Entry-level prepaid Android phones sell for as low as $50.

Last year, the iPhone was the best-selling smartphone in the world, and Apple re-captured the crown for top smartphone maker in the United States last quarter with an estimated one-fifth of the market. While the original arrived at $499 (remember Ballmer’s reaction?), Apple would not hit the ground running until switching to the subsidized model with the second-generation iPhone 3G. Nowadays, U.S. carriers subsidize the full price of the device with an estimated $400, so those willing to commit to a two-year contract end up paying just $199 upfront for the hardware.

The trick worked and the iPhone went on the become an iconic device, but sales numbers did not replicate in various Southern European countries where carriers steer away from paying billions in upfront subsidies. As a result, prepaid Android phones are now undercutting Apple’s device and selling like crazy. Take Portugal or Greece, for example, where the iPhone last quarter accounted for 9 percent and 5 percent of all smartphones sold, respectively, according to the Wall Street Journal.

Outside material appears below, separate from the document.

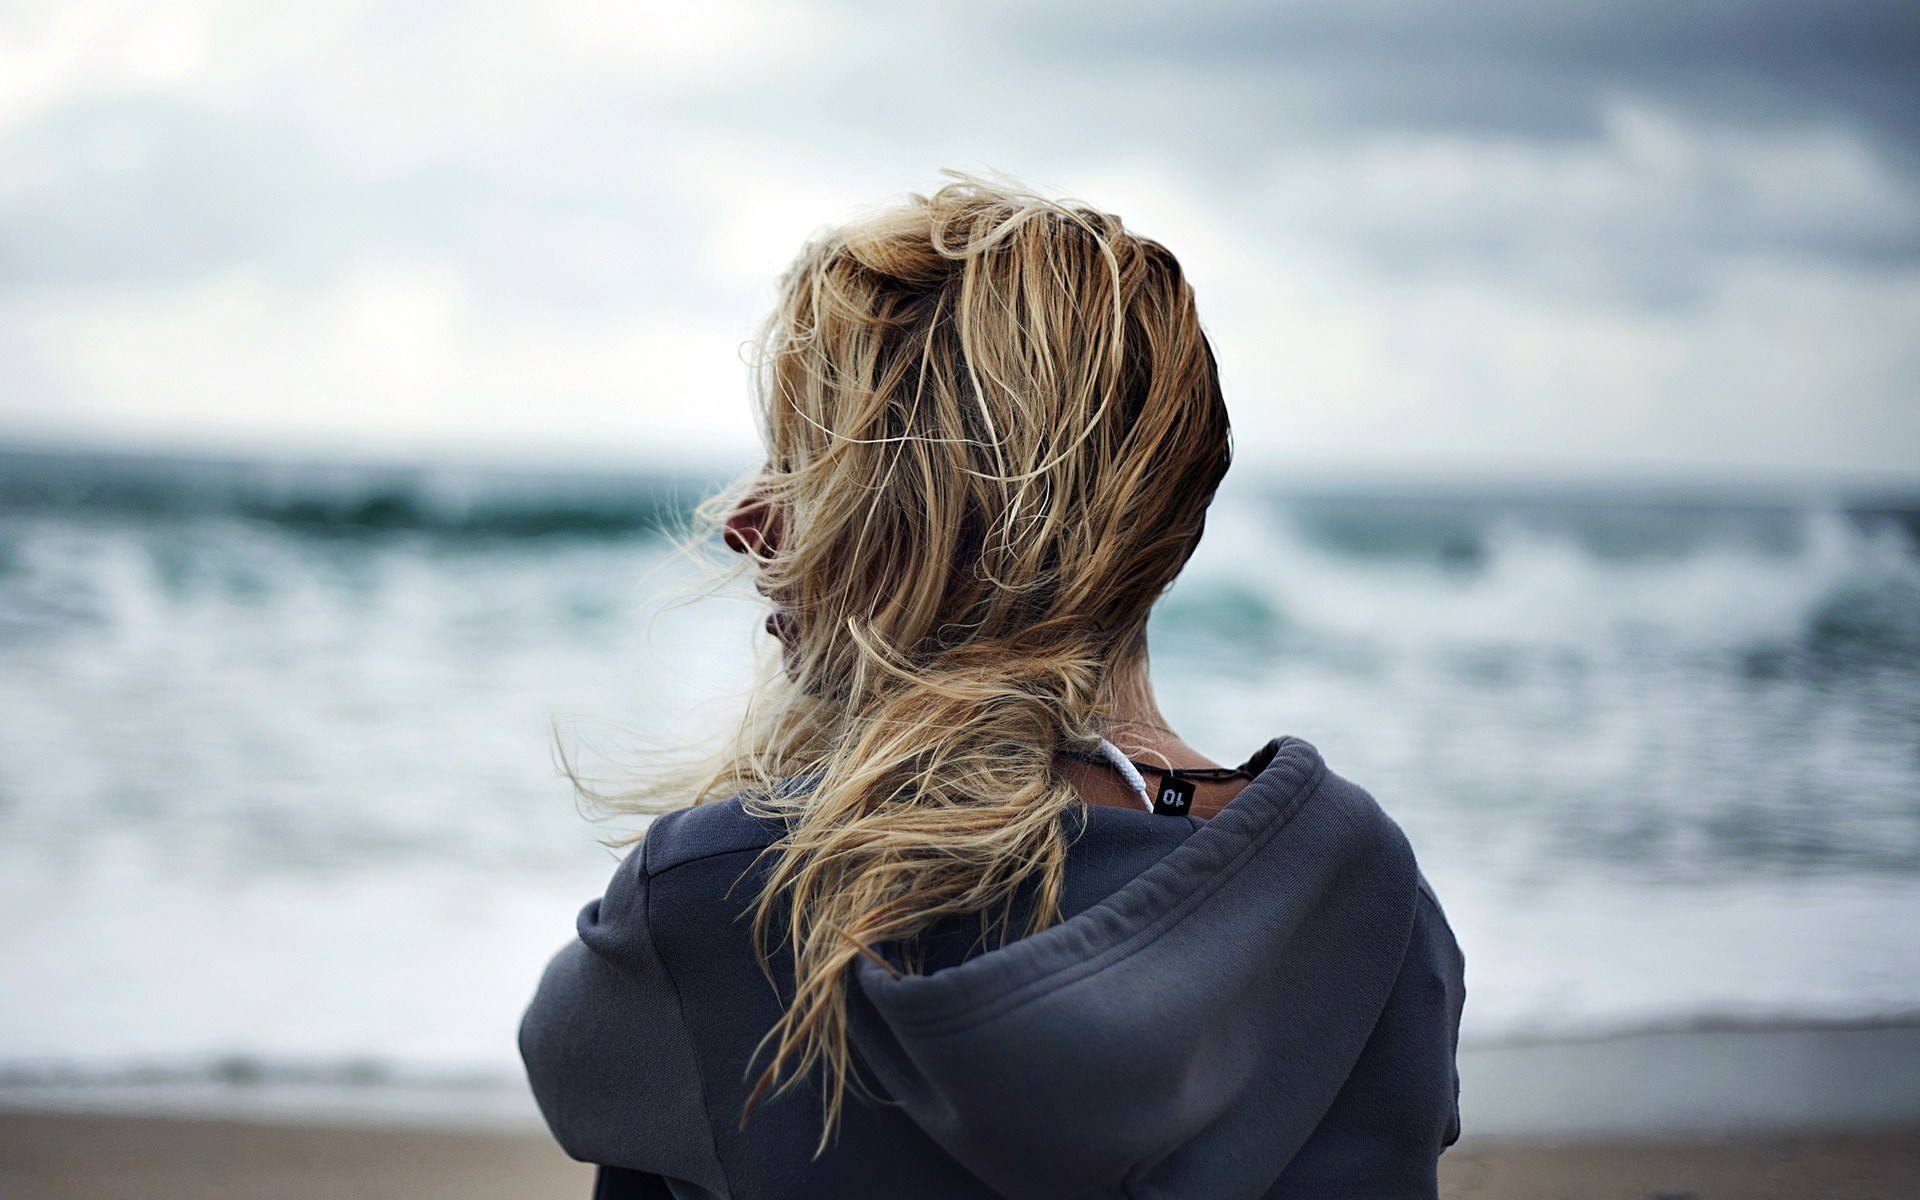 Woman standing near ocean
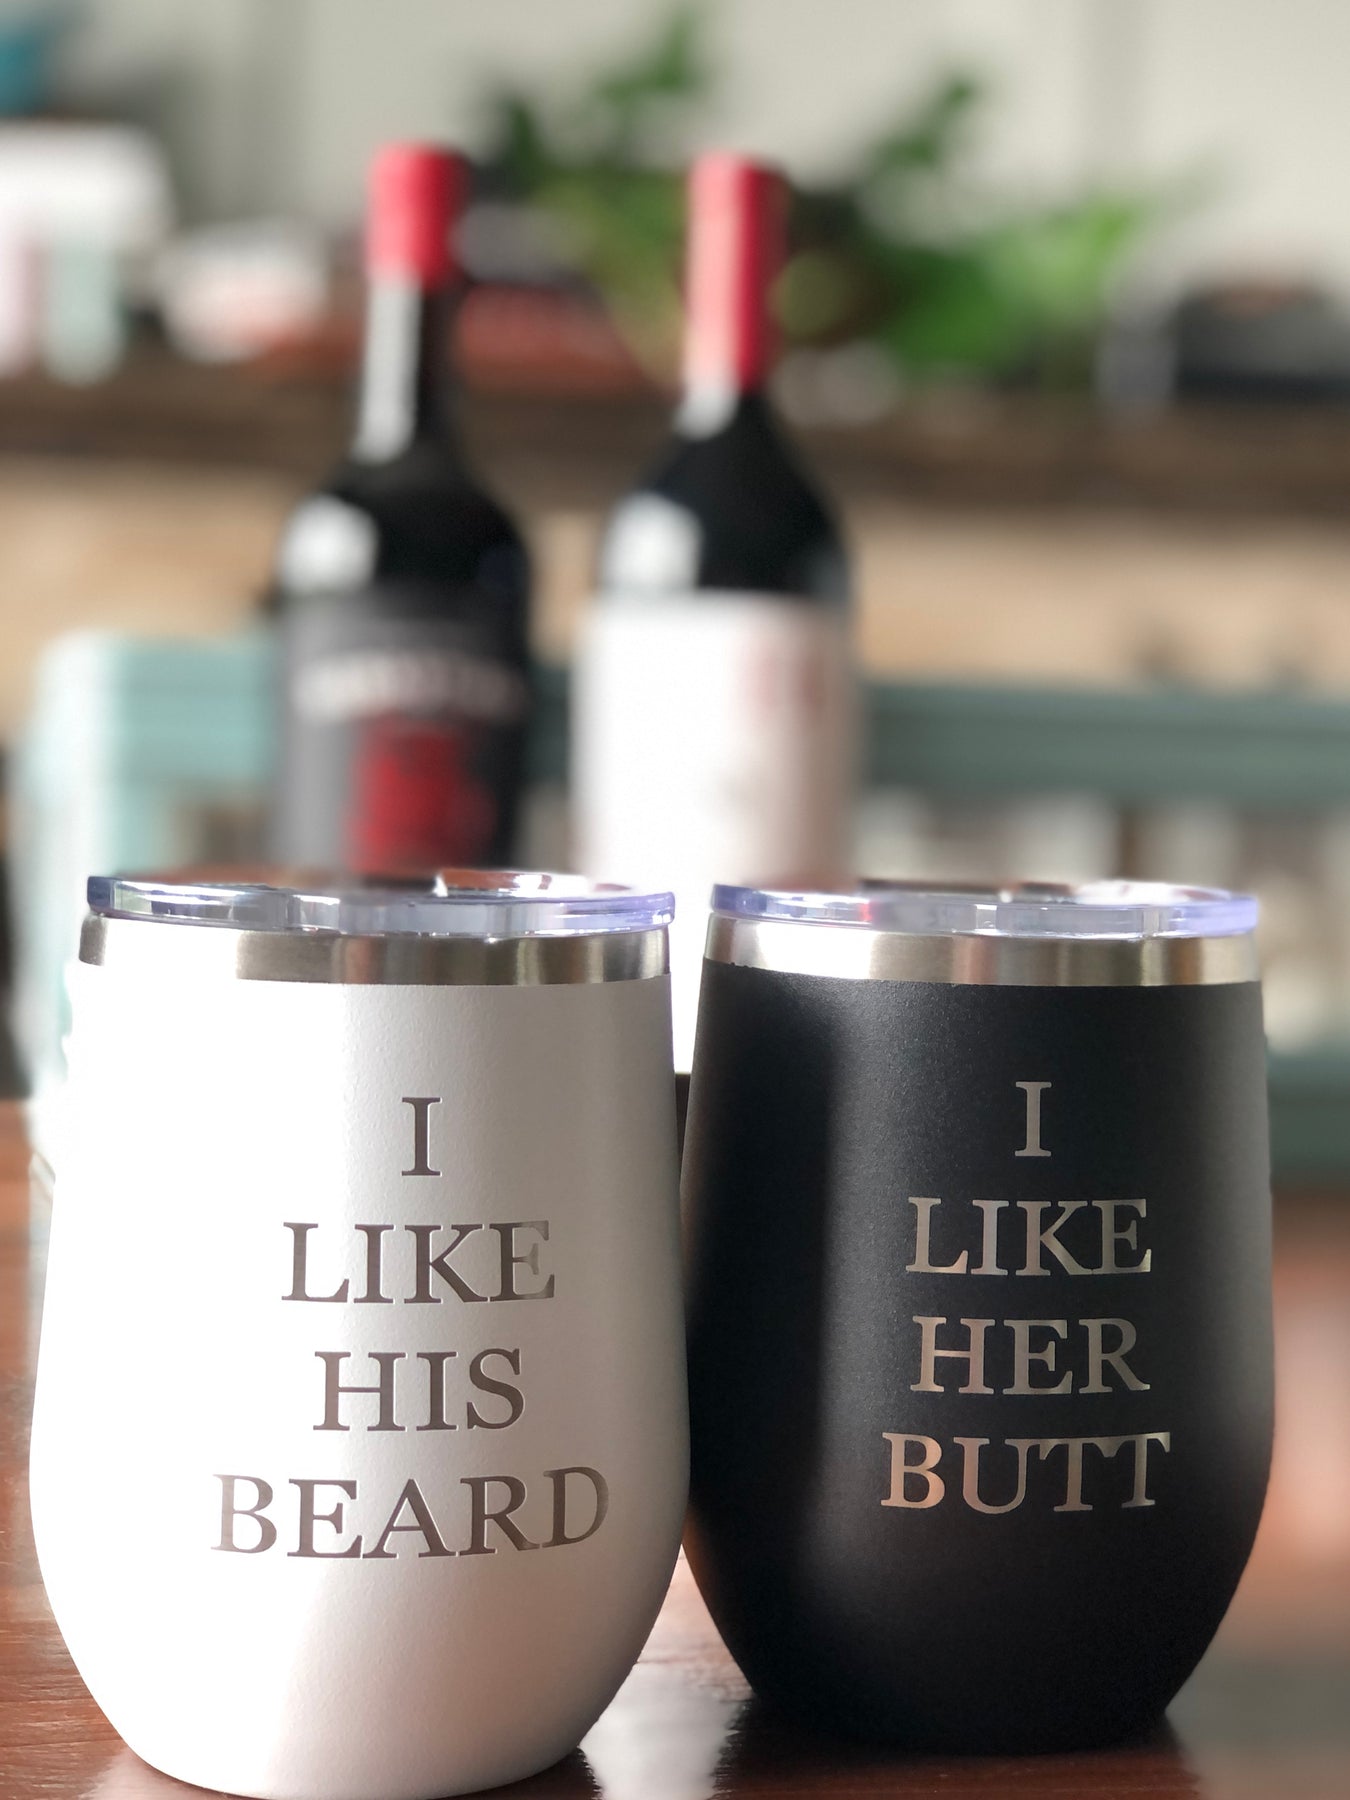 Wedding gift wine tumbler set. I like his beard, I like her butt.

In the U.S., where contract plans and phone subsidies dominate, IDC says that around 90% of smartphone shipments over the past four years were for devices that cost more than $300 — despite the recession and uncertain recovery. In Italy, where prepaid plans dominate, that proportion was 67% last year, and in crisis-hit Greece and Portugal, only about 40% of the smartphones shipped in 2011 cost more than $300.

The article author Anton Troianovski said some European carriers are considering eliminating subsidies in favor of the more affordable pay-as-you-go plans. This includes major carriers, such as Spain’s Telefónica SA and Denmark’s Telenor ASA.

The price matrix of the unlocked, contract-free iPhone 4S.

The unlocked iPhone 4S starts at $649 and goes all the way up to $849 for the flagship 64GB model while its predecessor, the iPhone 4, costs $549 without any subsidies. Now, compare this to a $70 contract-free ZTE X500 or Samsung’s Galaxy Mini that sells for $188. True, these are not what you would call high-end devices, but the same goes for the 8GB iPhone 3GS that retails in the U.S. for $375 without any subsidies. That is a steep price for a 32-month old phone at a time when more and more low-cost prepaid Android devices announce. For comparison, the ZTE device packs in a 3.5-inch display, a 3.2-megapixel camera, 4GB of storage and runs Android 2.3, Gingerbread.

This is not to say Apple should worry about sub-$100 Android phones that compromise on features, but there is clearly a notable gap between Apple’s larger share of the subsidized smartphone market versus non-subsidized territories. Apple is a high-end play, but the Android carpet-bombing is taking its toll in sheer number of device activations. With that said, it would be prudent of Apple to consider discounting at least entry-level contract-free iPhones. Surely, the company’s high margins leave plenty of maneuvering space to put iPhones within budget shoppers’ reach.